January 09, 2018 11:06 AM
With the North Carolina General Assembly scheduled to open a special session on Wednesday, the new state NAACP president will be at the state halls of power leading in protest just as his predecessor did.
The Rev. T. Anthony Spearman became the leader of the organization in October after the Rev. William J. Barber II, a fiery Southern preacher often compared to the Rev. Martin Luther King Jr., stepped down to take his fight for equality national.
Coming on the heels of Barber, the architect of the Moral Monday movement who was a guest at the Vatican over the Thanksgiving weekend, Spearman is accustomed to the comparisons to his predecessor and comments about “the big shoes” to fill.
“I wear a size nine, nine and a half, and that’s the size I will continue to wear,” Spearman said Monday during a meeting with The News & Observer editorial board.

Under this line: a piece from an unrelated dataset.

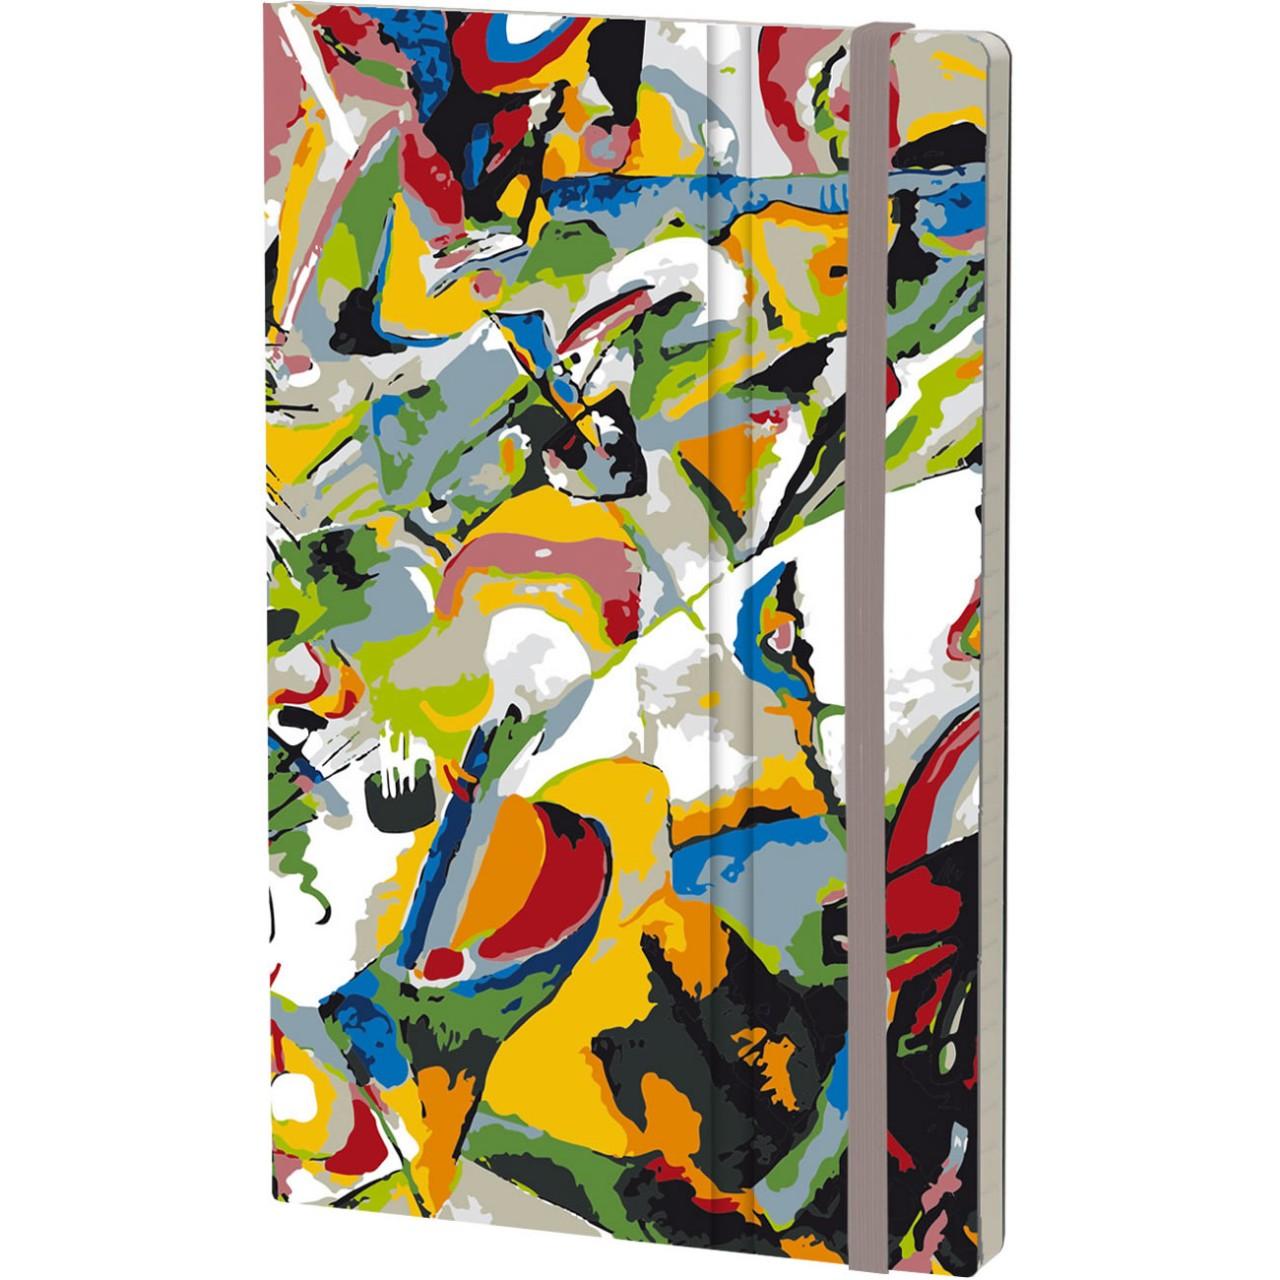 Stifflex Notizbuch ART 9 x 14 cm 144 S., KANDINSKY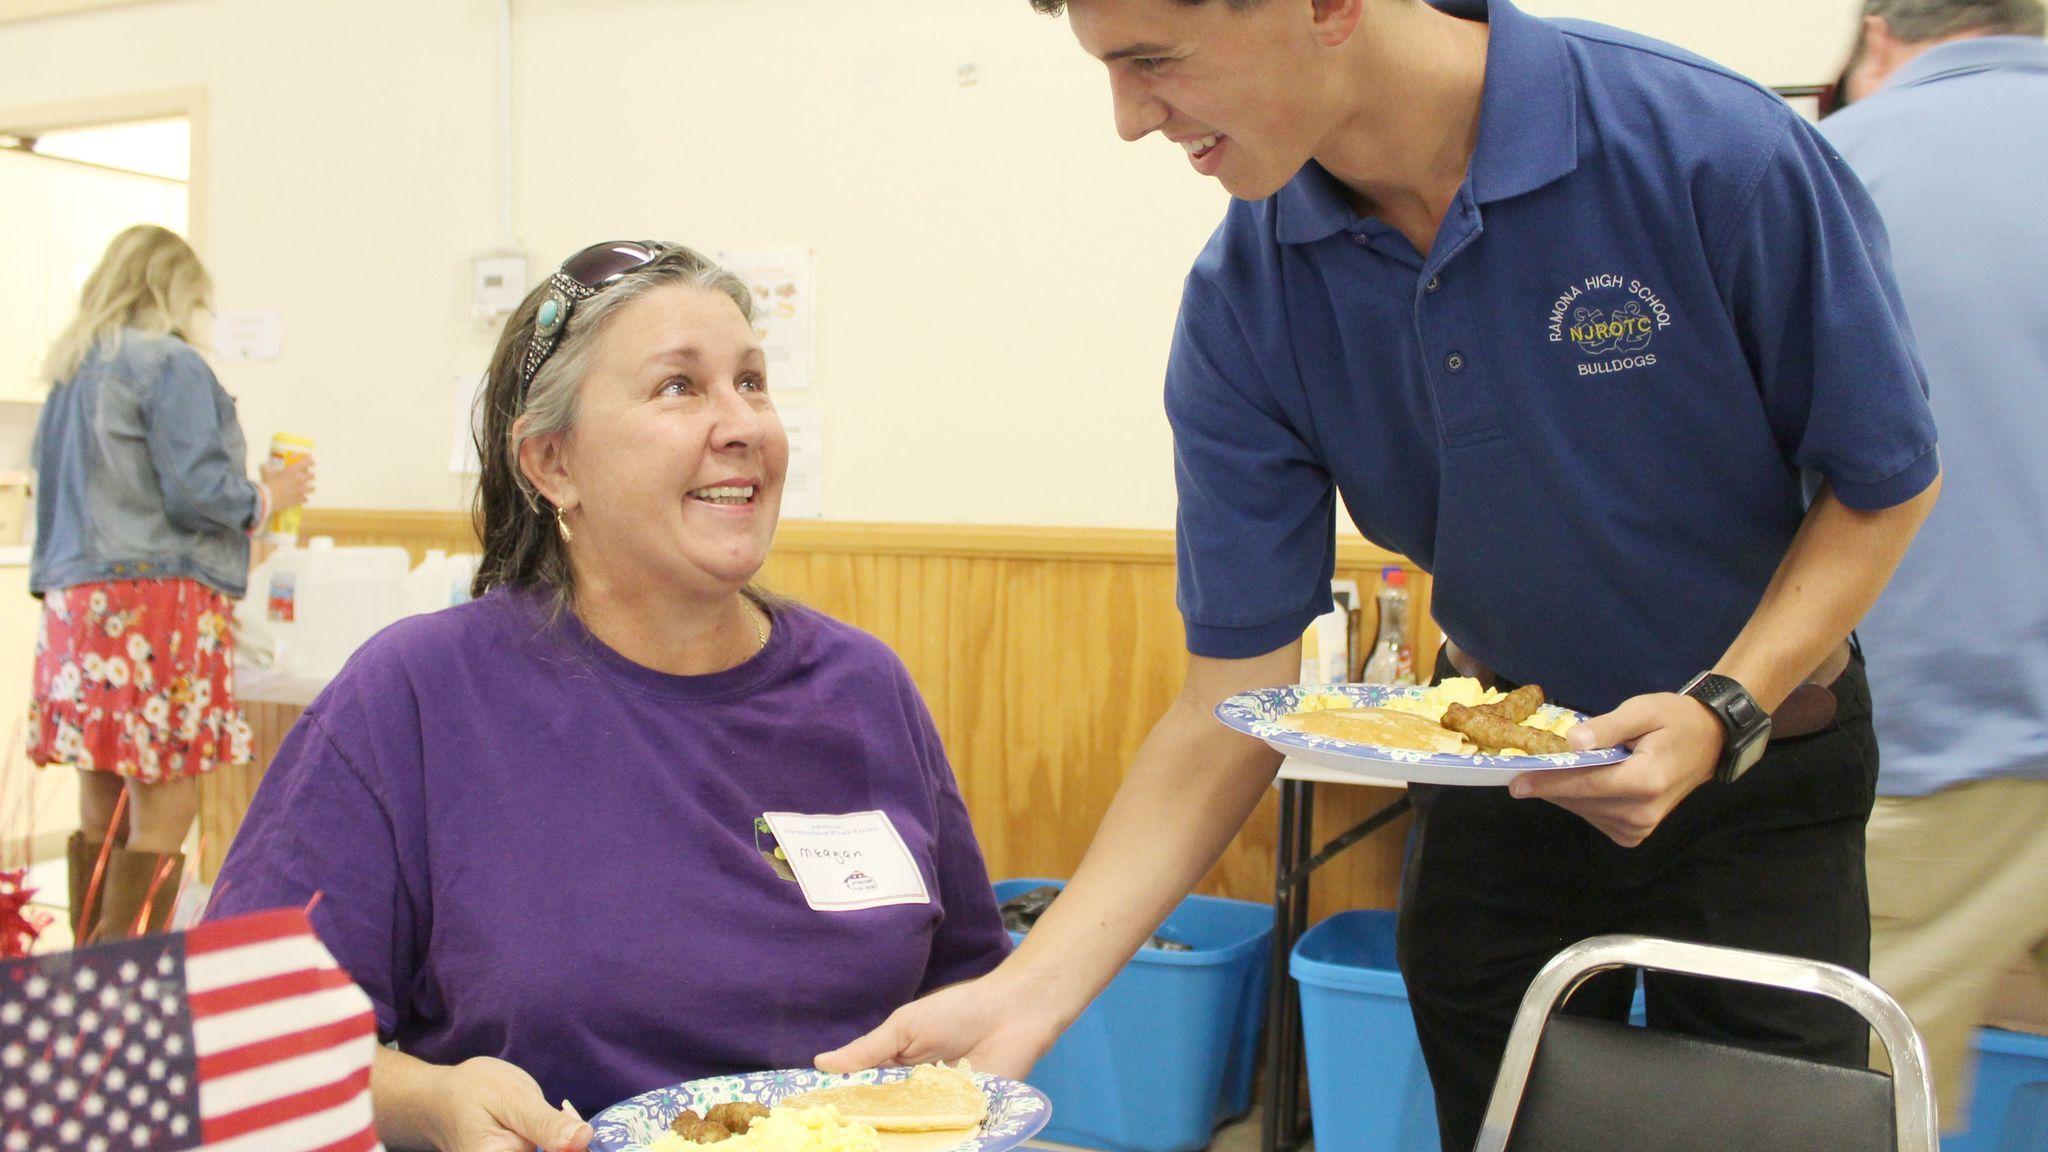 NJROTC Cadet Gavin Roche serves breakfast to Meagen Barrett and others at her table. Barrett is a Ramona Senior Center bus driver.

Spearman, president of the NC Council of Churches, said he plans to continue with a “fusion movement” similar to the one Barber helped bring together over the past four years. The organization plans to keep its focus on a range of issues that include education equality, criminal justice reform, workers’ rights, anti-poverty, health care and immigration reform.
Spearman describes the South as having a “genteel apartheid,” or a veneer when it comes to race “that is draped in Southern hospitality” while persisting with inequities from a Jim Crow era that he contends never waned. He questions whether school desegregation was good for black students, but maintains that despite his views he can bring in a diversity of members to continue the work of his predecessor.
Rallying for fair courts
On Wednesday, the state NAACP will join with NC Voters for Clean Elections, Democracy NC, Progress NC, Common Cause NC, the Council of Churches, Equality NC and the AFL-CIO for a daylong event being billed as “The Fair Courts Day of Action.”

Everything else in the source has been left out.